Mary Ellen Strom‘s installations and site­-specific projects unearth submerged narratives within art, history and cultural discourse. Her work has been exhibited in a wide range of contexts including museums, galleries, passenger trains, cattle ranches, large­-scale video projections onto industrial sites and mountain rock faces, on rivers, in empty retail stores and horse arenas. Recent awards include an International Fulbright Scholar Fellowship, The Liguria Study Center for the Arts and Humanities, ArtPlace America, The MAP Fund, Artadia The Fund for Art and Dialogue, Art Matters and Creative Capital. Her work has been exhibited at the Museum of Contemporary Art Los Angeles, Museum of Modern Art, NYC, the ICA Philadelphia, The Contemporary Art Museum Houston, The Museum of Fine Arts Boston, the Walker Art Center, Mpls., the Wexner Center in Columbus, OH, the Pompidou Centre­Metz, Paris, the Satouchi Trienniale in Japan, the Hayward Gallery, London, Nagoya Museum of Fine Arts, Nagoya, Japan, Fundacion Union­Espacio Cultural Contemporaneo, Montevideo, Uruguay and the Australian Centre for Contemporary Art, Melbourne, Australia.
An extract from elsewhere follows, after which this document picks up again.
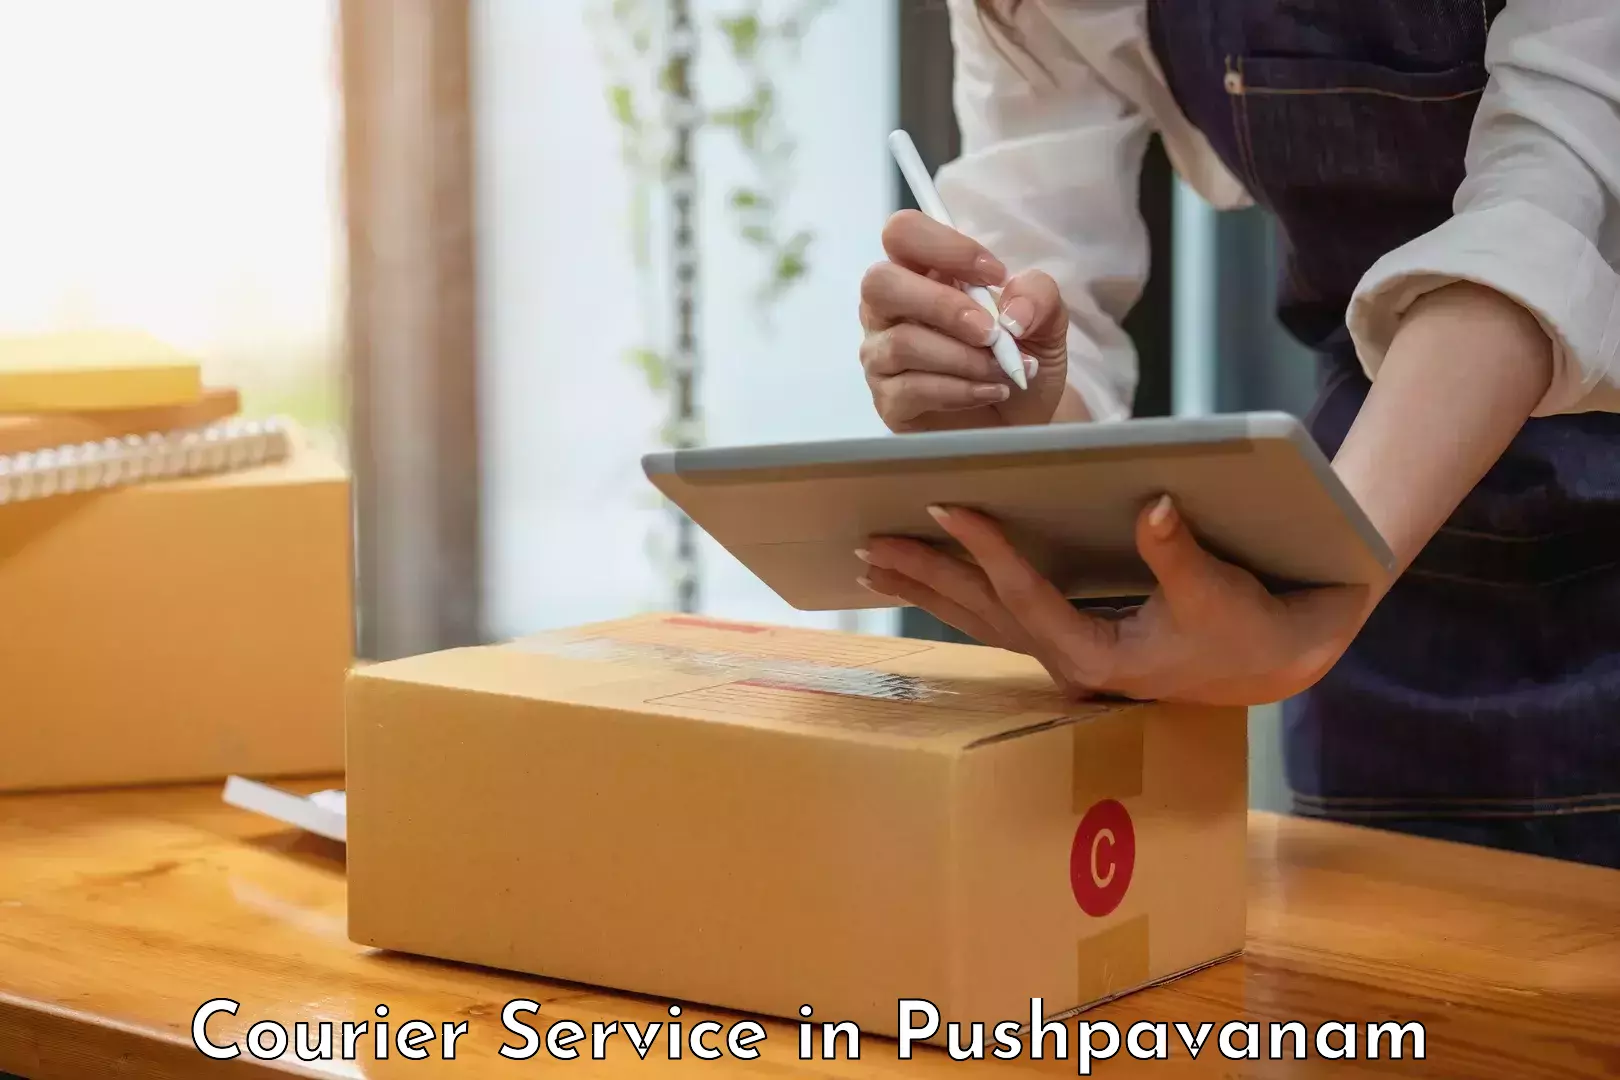 Online package tracking in Pushpavanam

Strom is the Artistic Director of Mountain Time Arts and Project Director and Senior Researcher at the Center for Arts, Design and Social Research. She is a Professor of the Practice, Media Arts at Tufts University in Boston, MA

In 2016, MJ Williams was the recipient of the Montana Governor’s Art Award. For the last three years Williams has performed in Paris at Le Sept Lezard, a legendary jazz club, with The Jobic LeMasson Trio and The Joe Makholm Quintet, a collaboration that resulted in the CD Trance Atlantic. In 2011 Williams was invited to spend a week in residence in the Dept. of Theatre, Performance Studies and Dance at Kennesaw State University near Atlanta Georgia where she led a series of improvisation workshops. In 2013 MJ wrote a score for Mary Ellen Strom’s two channel video installation at the Longhouse Projects Gallery in New York City. In November of 2015 Williams performed a concert of jazz standards at the Eiteljorg Museum in Indianapolis, Indiana with pianist Bob Packwood. Since 2015 she has produced a concert series entitled “Sound Gallery” in the 1+1=1 Gallery Helena MT, introducing small audiences to non­ traditional original music. In March of 2018 an improvisational recording entitled Sensoria was released by Leo Records UK in which Williams plays trombone and piano.
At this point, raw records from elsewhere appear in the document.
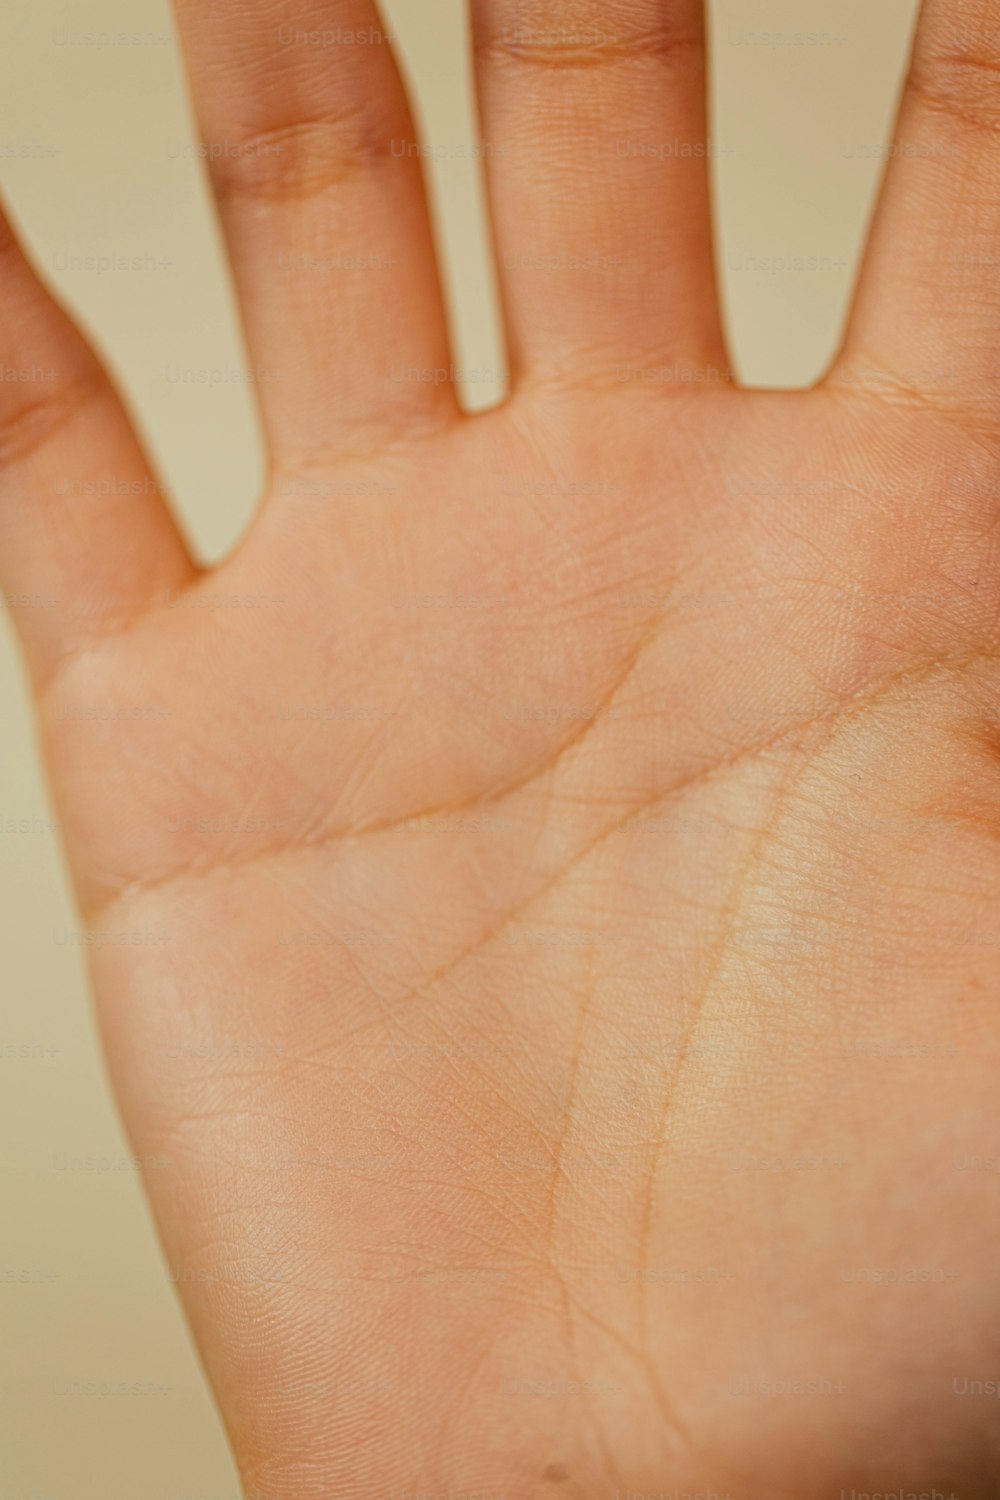 um close up da mão de uma pessoa segurando um telefone celular
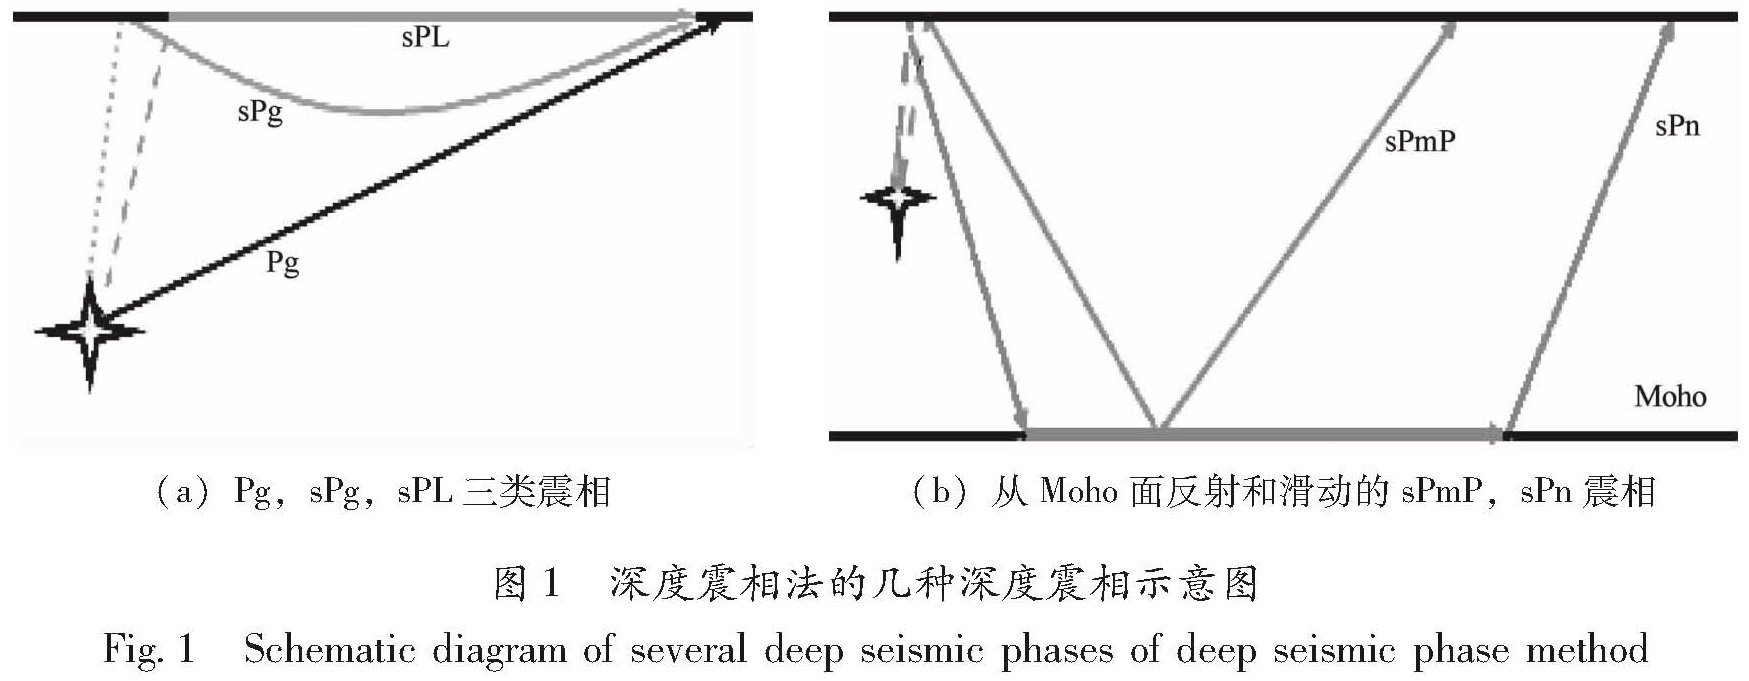 图1 深度震相法的几种深度震相示意图<br/>Fig.1 Schematic diagram of several deep seismic phases of deep seismic phase method
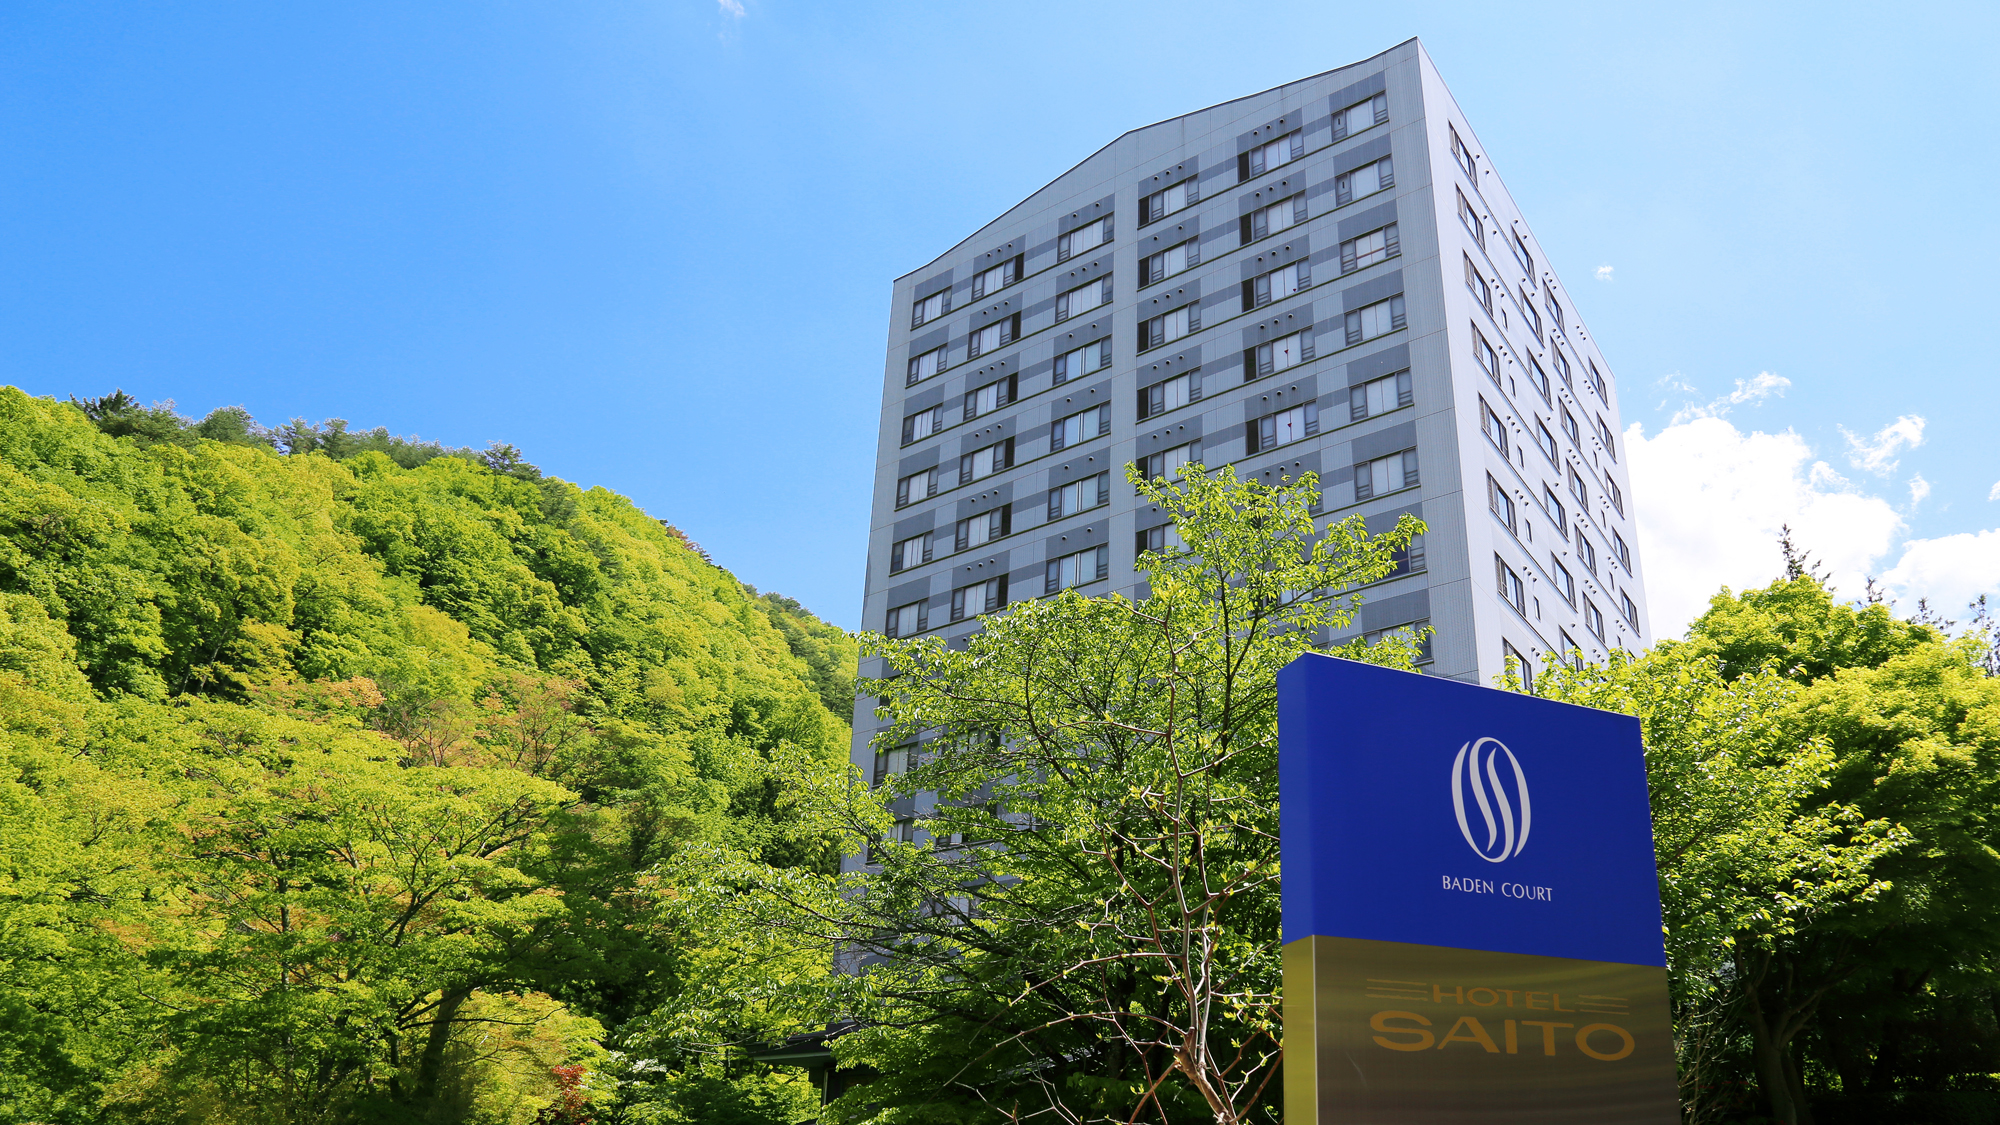 斎藤ホテル

STANDBY SNOW: CHRONICLES OF A HEATWAVE, a new place-­based opera produced by Mountain Time Arts in Bozeman, Montana, will premiere in July 2020. The method of research and production for Standby Snow understands collaborative inquiry as a way to generate new knowledges of our region’s critical environmental issues. This research­-based project will address historic tensions and contemporary complexities generated by drought and fire in southwestern Montana. Along with the artists, the project is being made in dialogue with water experts, fire scientists, native biologists, ranchers and politicians.